Every Tuesday in The Kiddy Pool, Erin Newcomb confronts one of many issues that parents must deal with related to popular culture.

It’s the 13th anniversary of the 9/11 attacks, and my social media world is, understandably, flooded with the hashtag #neverforget. I remember waking up on the morning of September 11, 2001 to find my college roommates seated around the television in our common area, watching the news unfold. I watched throughout the day as my schedule allowed, hearing news speculations and questions arise as more footage and more information emerged. I remember reporting to the professor who supervised my work-study and explaining the situation; he’d been in his office all morning without looking at a news report, and I’m sure, given the time of day, that the information I had to share was not quite correct.

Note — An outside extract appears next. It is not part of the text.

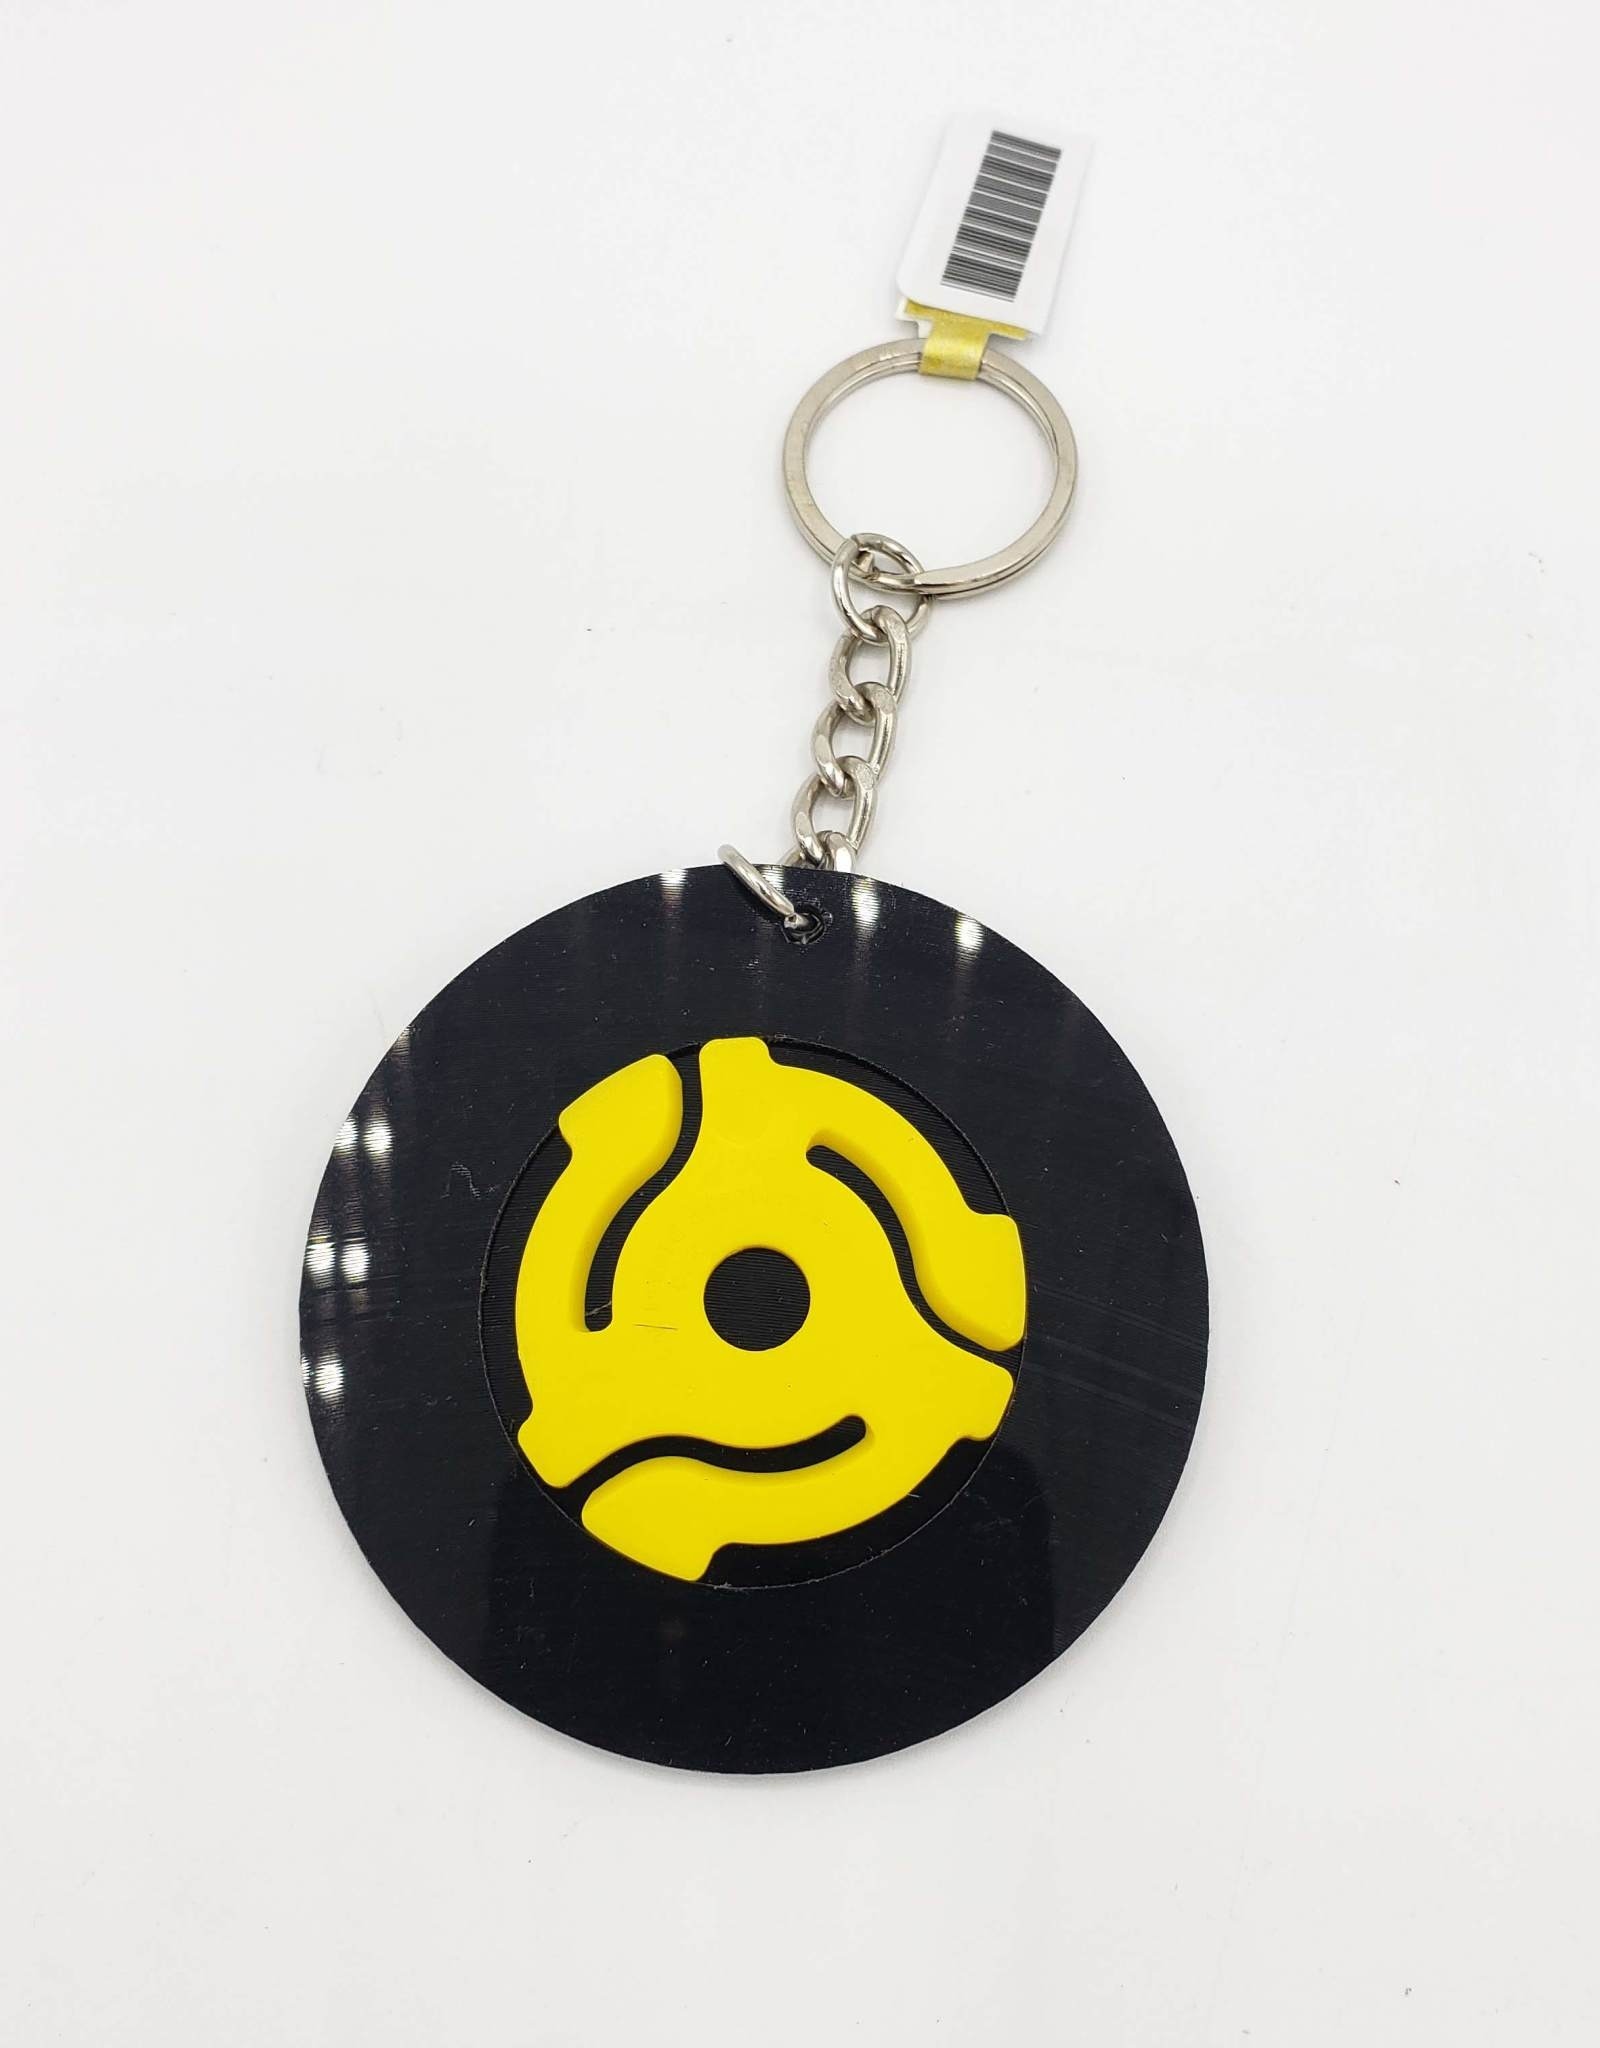 Keychain Vintage Recycled Record - Vinylux

All of those memories (and I could recall more from that day and that week) are filtered now through the past thirteen years, interpreted and reinterpreted through the changing contexts. Even the most basic facts, initially, were unknown, and there are still to this day human lives presumed lost without physical evidence to verify their status. 9/11 casts a long shadow in our memories—both individual and collective—and it serves as a turning point in our history where our nation will probably never feel quite so safe again. I remember flying before 9/11, where my dad would walk right up to the terminal with me, to keep me company as he dropped me off. My children will never know that kind of freedom of movement in an airport, and I can only recognize it as a freedom from the vantage point of history. At the time, it just seemed normal.

Normal is, of course, context-based. And as I sit in my office on my university campus, reflecting on my own experience of 9/11, it’s part of my context for my thoughts to turn to Edwidge Danticat, the Haitian-American writer. Following the hurricanes of 2004 and 2008 and the earthquake of 2010, Danticat published the text Create Dangerously: The Immigrant Artist at Work. Danticat reads and writes through her own context, her own personal and (inter)national history as an immigrant from Haiti, with all the colonial and imperial entanglements that connect the U.S. with her nation of origin. Reflecting on her position as an immigrant artist, Danticat writes “while we are at work bodies are littering the streets somewhere. People are buried under rubble somewhere. Mass graves are being dug somewhere. Survivors are living in makeshift tent cities and refugee camps somewhere, shielding their heads from the rain, closing their eyes, covering their ears, to shut out the sounds of military ‘aid’ helicopters. And still, many are reading, and writing, quietly, quietly.” She asserts both the privilege and the responsibility of not just remembering, but testifying: memory as witness.

we define ourselves and our cultures by what we choose to rememberIt is a mark of my privilege that I had to look up the dates of the Haitian hurricanes and earthquake, events that though different in kind from the terrorist attack of 9/11 still also influence people’s daily lives and governments’ policies. There are many things that I get to forget, that feel like they happened far away from my home and my life, that fail to sear my memory. Not so with 9/11, and I pair the two events here not to compare sufferings but to ask the larger question about the way that memory does, and should, function in our lives as individuals and (global) citizens. What is memory for?

In Regarding the Pain of Others, Susan Sontag asserts “Remembering is an ethical act, has ethical value in and of itself.” It’s important to note that remembering here is active, that we define ourselves and our cultures by what we choose to remember, what we intentionally set apart as definitive. When I take my children to the New York State Museum, we always wander through the fire truck exhibit, an historical display surrounded by footage and items that make up a 9/11 collection. A few feet away, there’s a mockup of Sesame Street, complete with classic playlist rolling and life-size Oscar. These exhibits work together to form and frame the identity my children, as New Yorkers, inherit. And I explain the half-burned fire truck in age-appropriate description along with the rest of the museum, as part of an active remembering of what it means to come of age in a post-9/11 New York.

September 11, 2001 functions in our secular culture much the way that the Eucharist does for me on Sunday mornings, a signal of someone else’s sacrifice, someone else’s loss that marks me forever. I can take the bread and wine thoughtlessly, without contemplating the meaning or the words, without considering the weight those small items lift from my spirit. Or I can choose to remember, to testify. We curate our memories, and they, in turn, define us and show us how to move forward. We imbue the sacrifices with meaning when we choose to remember, and today we bear witness to the lives lost on 9/11, losses that change forever our history, our sense of national identity, and for some, their personal stories. We must live as if we never forget.